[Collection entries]
• • • • • • •
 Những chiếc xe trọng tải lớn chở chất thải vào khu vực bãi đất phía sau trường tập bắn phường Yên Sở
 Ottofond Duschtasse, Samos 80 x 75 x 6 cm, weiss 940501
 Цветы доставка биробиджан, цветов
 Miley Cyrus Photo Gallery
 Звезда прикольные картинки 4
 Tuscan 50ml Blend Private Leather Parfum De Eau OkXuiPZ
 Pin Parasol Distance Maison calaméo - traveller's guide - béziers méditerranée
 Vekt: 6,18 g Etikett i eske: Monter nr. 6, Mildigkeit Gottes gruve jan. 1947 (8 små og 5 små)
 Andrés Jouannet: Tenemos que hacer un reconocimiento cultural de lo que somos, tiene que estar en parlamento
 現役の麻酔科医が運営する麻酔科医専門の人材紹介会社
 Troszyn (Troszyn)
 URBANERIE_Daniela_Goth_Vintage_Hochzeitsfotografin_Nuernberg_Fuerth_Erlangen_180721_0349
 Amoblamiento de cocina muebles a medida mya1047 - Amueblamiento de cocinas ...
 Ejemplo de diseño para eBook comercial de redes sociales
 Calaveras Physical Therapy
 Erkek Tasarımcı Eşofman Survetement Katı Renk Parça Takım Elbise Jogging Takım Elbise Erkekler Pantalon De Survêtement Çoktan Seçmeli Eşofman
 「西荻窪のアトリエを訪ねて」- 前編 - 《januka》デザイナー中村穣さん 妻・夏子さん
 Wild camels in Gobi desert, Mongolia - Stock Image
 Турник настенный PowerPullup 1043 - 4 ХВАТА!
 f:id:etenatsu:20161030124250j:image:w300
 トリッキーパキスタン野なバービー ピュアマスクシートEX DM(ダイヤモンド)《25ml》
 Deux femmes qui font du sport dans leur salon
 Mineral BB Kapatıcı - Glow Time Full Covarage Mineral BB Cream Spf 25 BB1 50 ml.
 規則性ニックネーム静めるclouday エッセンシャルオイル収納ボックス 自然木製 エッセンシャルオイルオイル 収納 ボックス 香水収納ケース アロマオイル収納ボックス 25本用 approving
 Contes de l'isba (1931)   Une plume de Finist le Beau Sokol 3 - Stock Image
• • • • • • •
■ WHAT TO WORK ON
From the data above, return every line from the line that has "Andrés Jouannet: Tenemos" up to and including the line that has "Amoblamiento de cocina", exactly.

■ SOLUTION FOR THIS EXERCISE
 Andrés Jouannet: Tenemos que hacer un reconocimiento cultural de lo que somos, tiene que estar en parlamento
 現役の麻酔科医が運営する麻酔科医専門の人材紹介会社
 Troszyn (Troszyn)
 URBANERIE_Daniela_Goth_Vintage_Hochzeitsfotografin_Nuernberg_Fuerth_Erlangen_180721_0349
 Amoblamiento de cocina muebles a medida mya1047 - Amueblamiento de cocinas ...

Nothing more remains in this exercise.